> [Supplied records]:
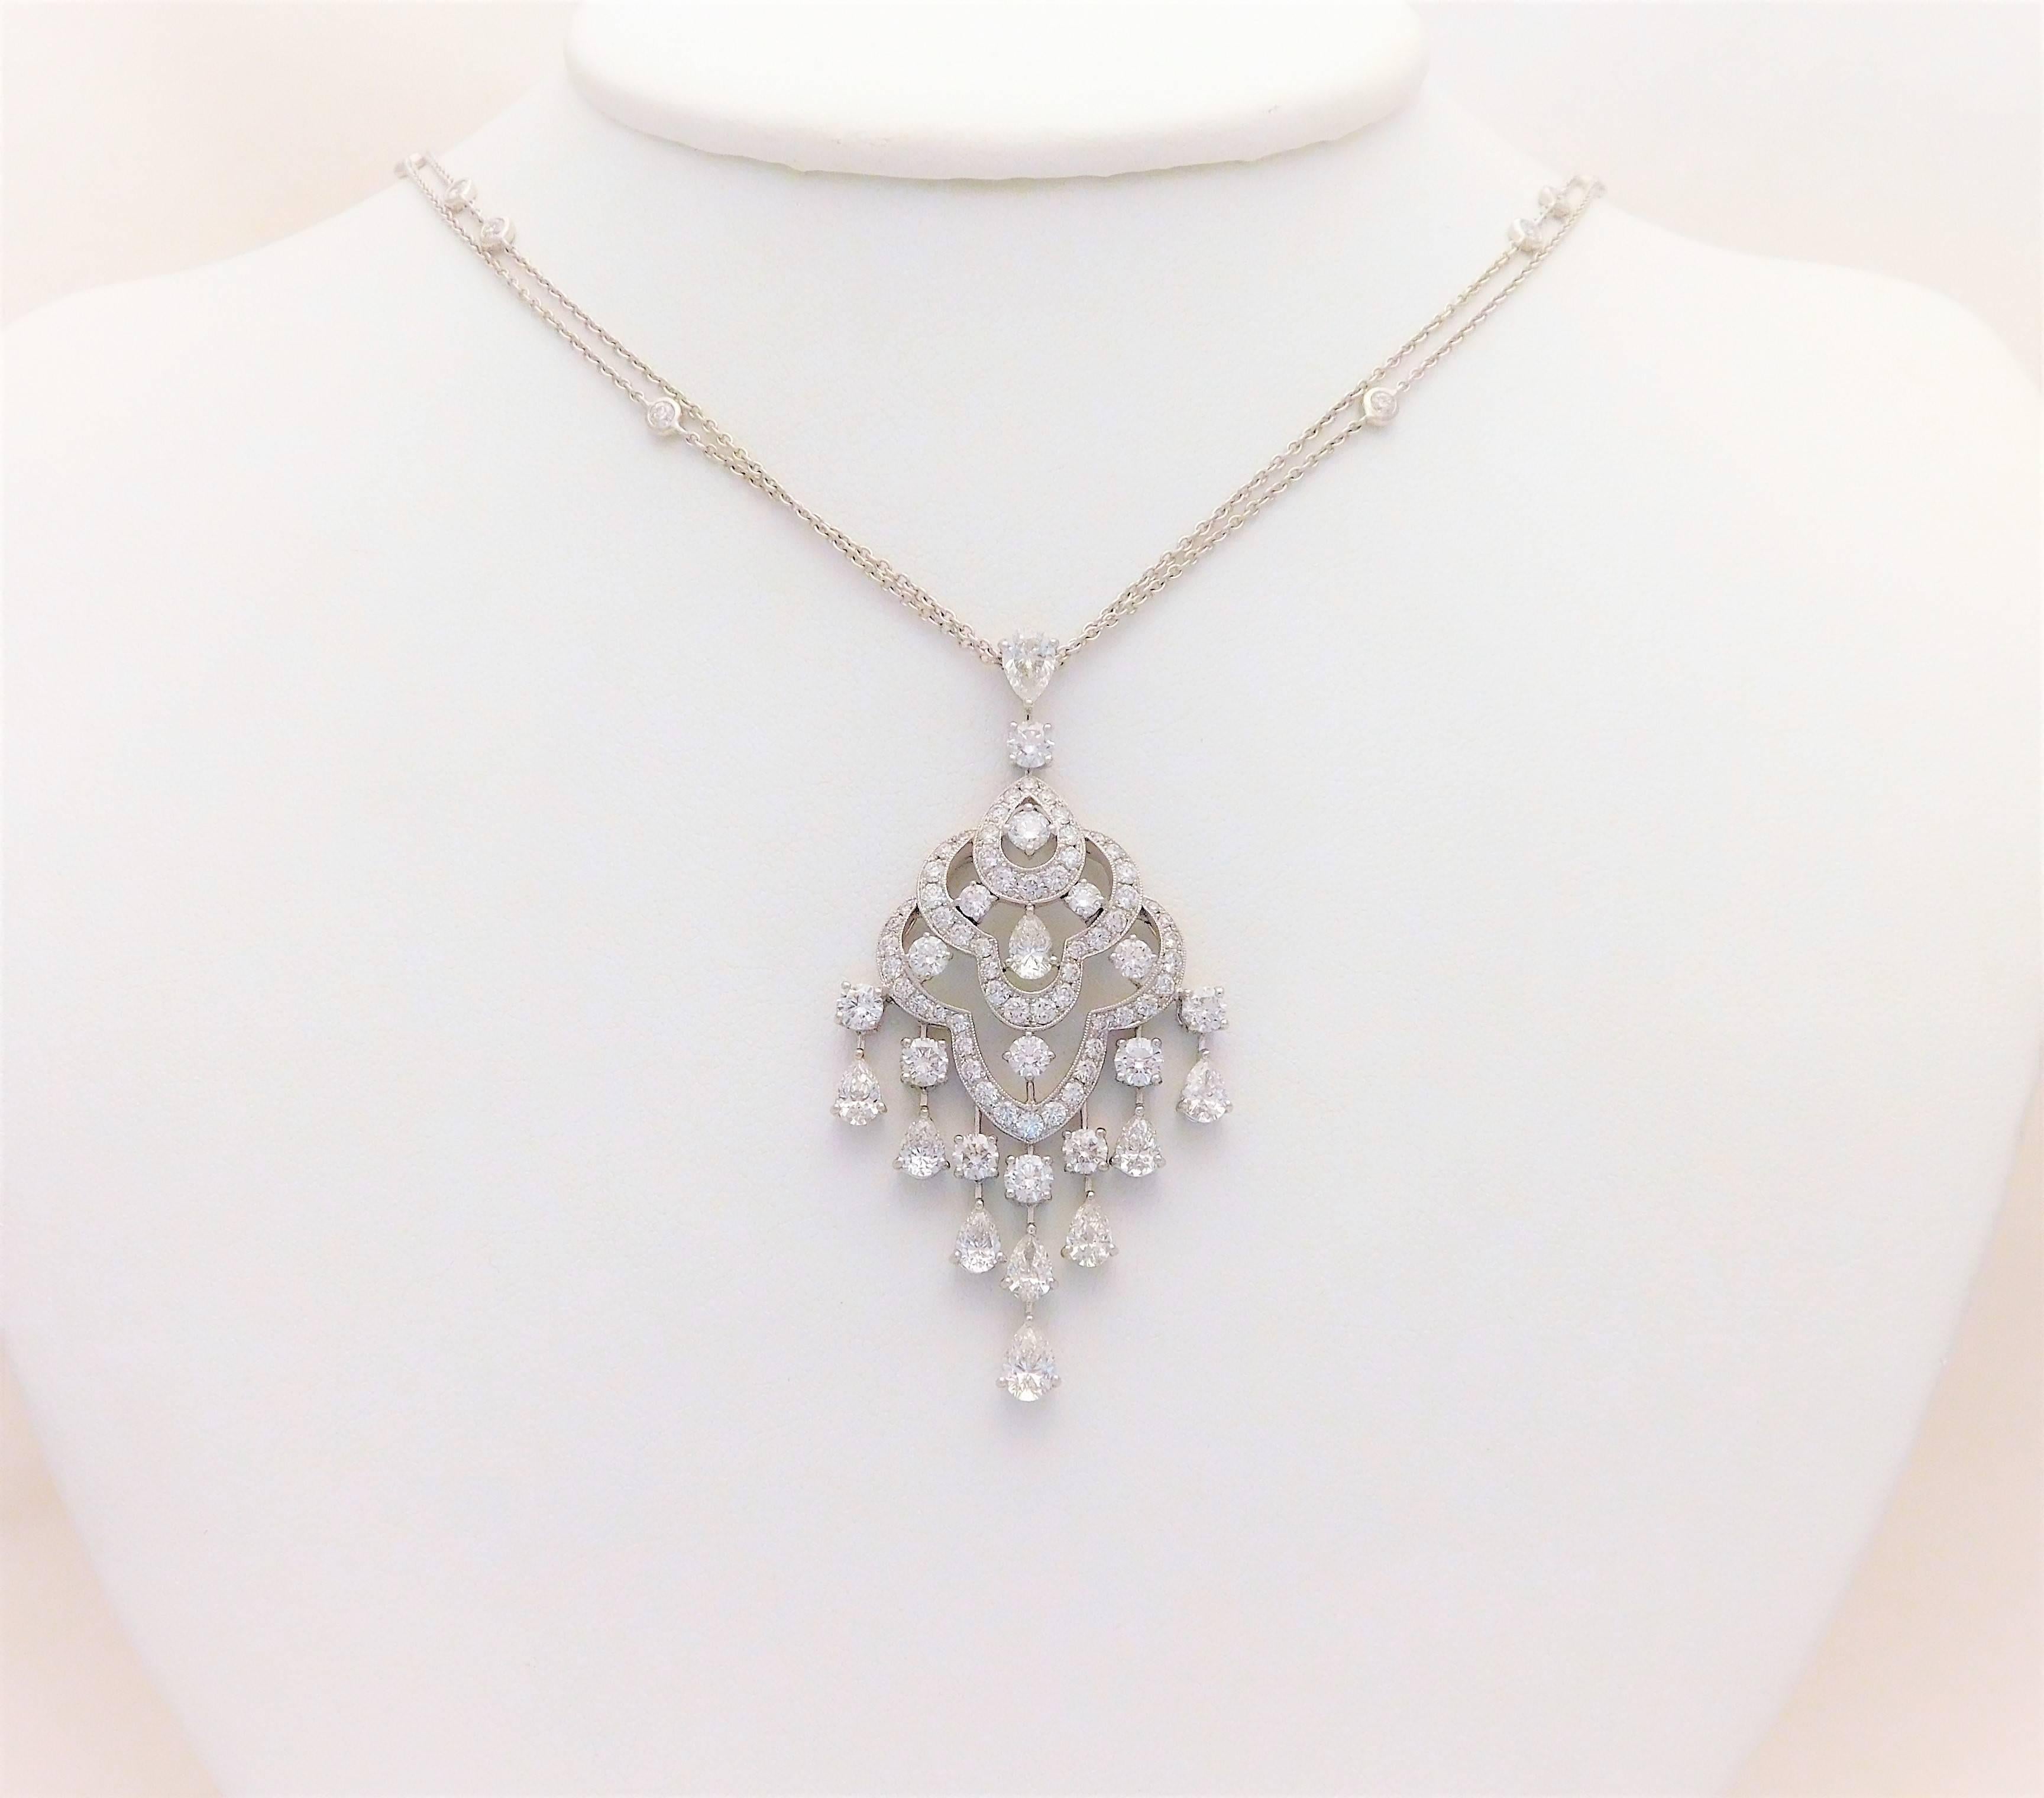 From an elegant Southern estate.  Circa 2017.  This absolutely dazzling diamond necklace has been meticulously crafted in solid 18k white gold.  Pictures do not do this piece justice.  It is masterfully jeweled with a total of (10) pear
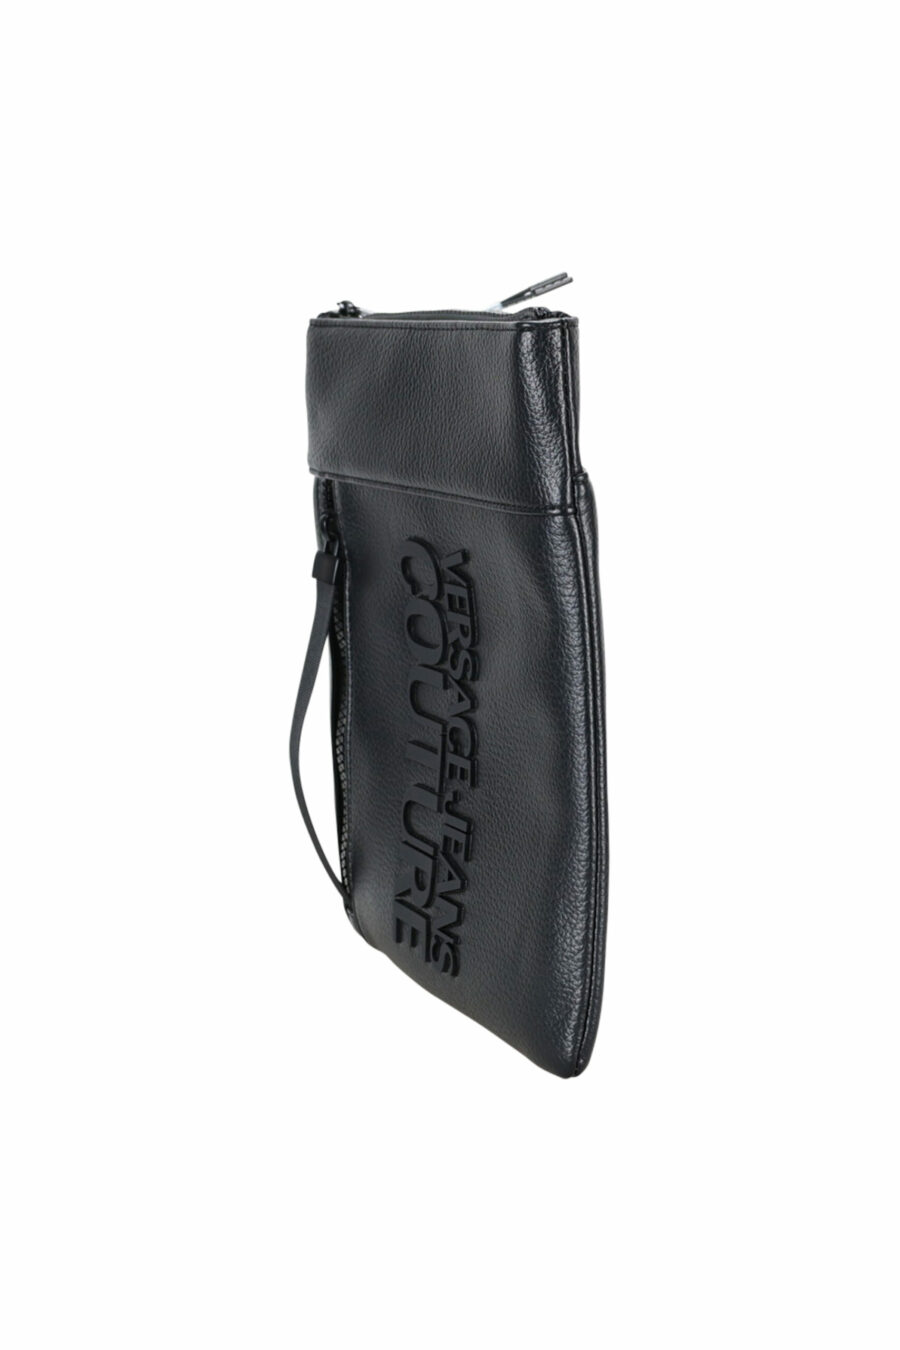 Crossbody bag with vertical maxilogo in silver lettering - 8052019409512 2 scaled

---

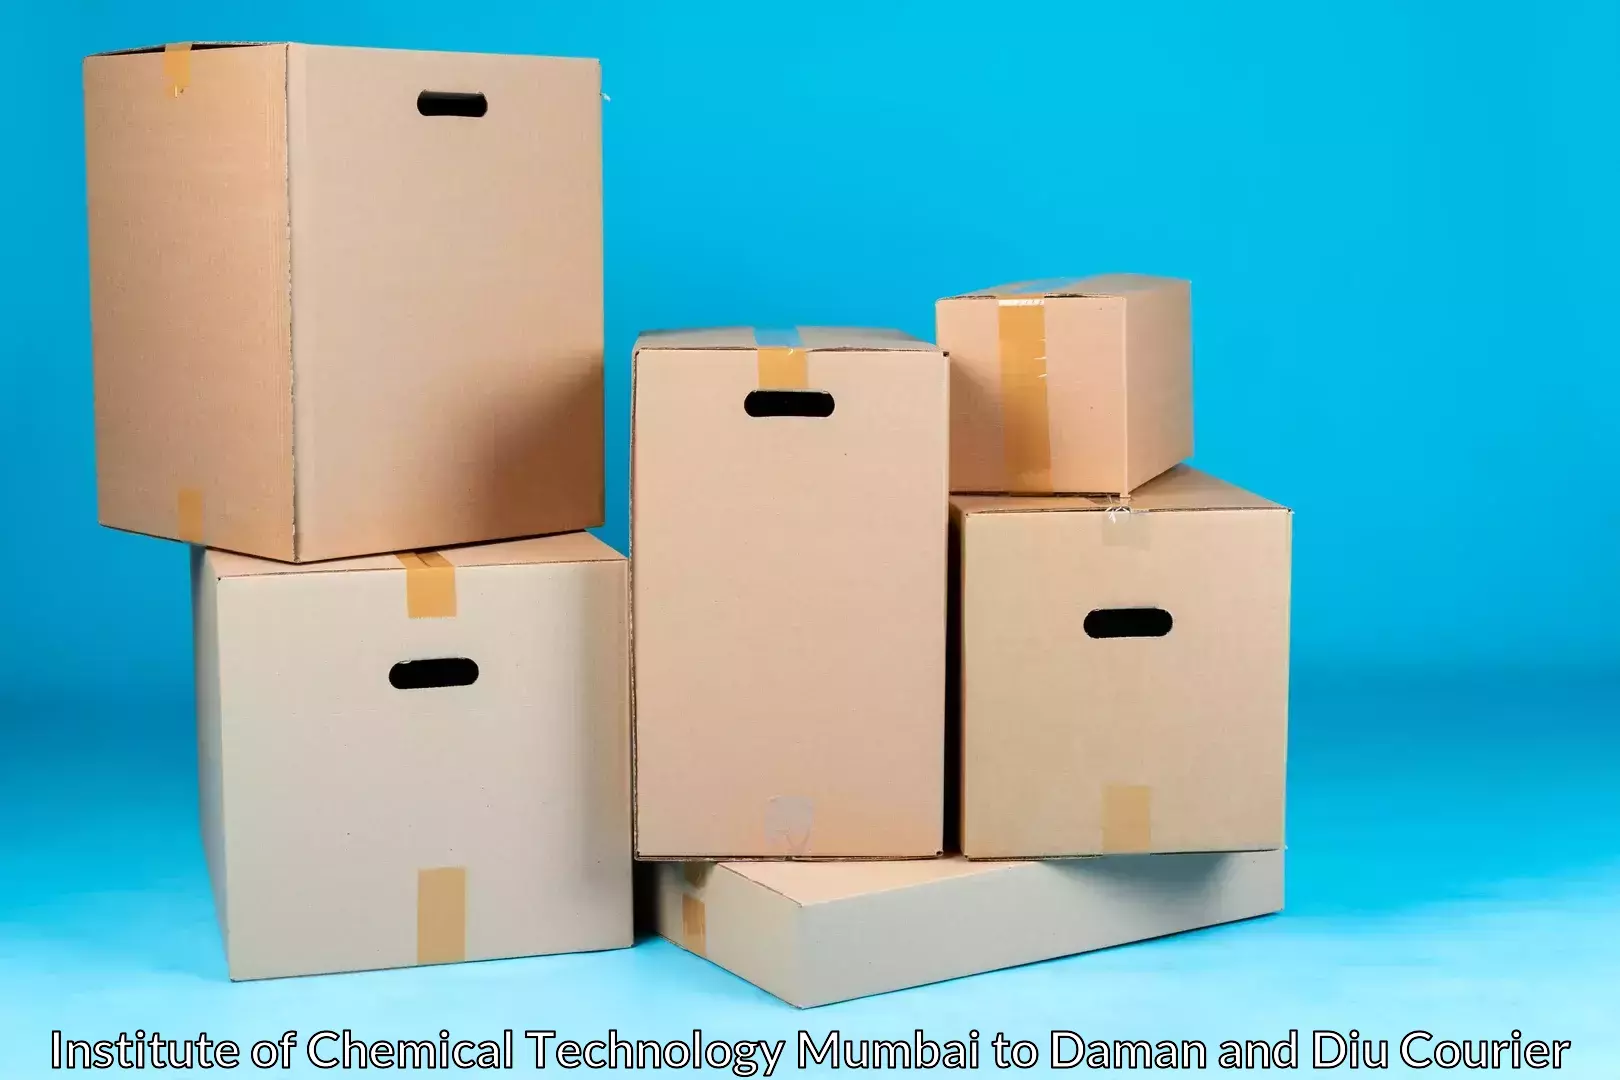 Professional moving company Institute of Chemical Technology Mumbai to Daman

> [Exercise directions]:
Word for word, write out the lines above running from the one with "From an elegant" up to and including the one with "Crossbody bag with". Drop any picture.

> [Expected answer]:
 From an elegant Southern estate.  Circa 2017.  This absolutely dazzling diamond necklace has been meticulously crafted in solid 18k white gold.  Pictures do not do this piece justice.  It is masterfully jeweled with a total of (10) pear
 Crossbody bag with vertical maxilogo in silver lettering - 8052019409512 2 scaled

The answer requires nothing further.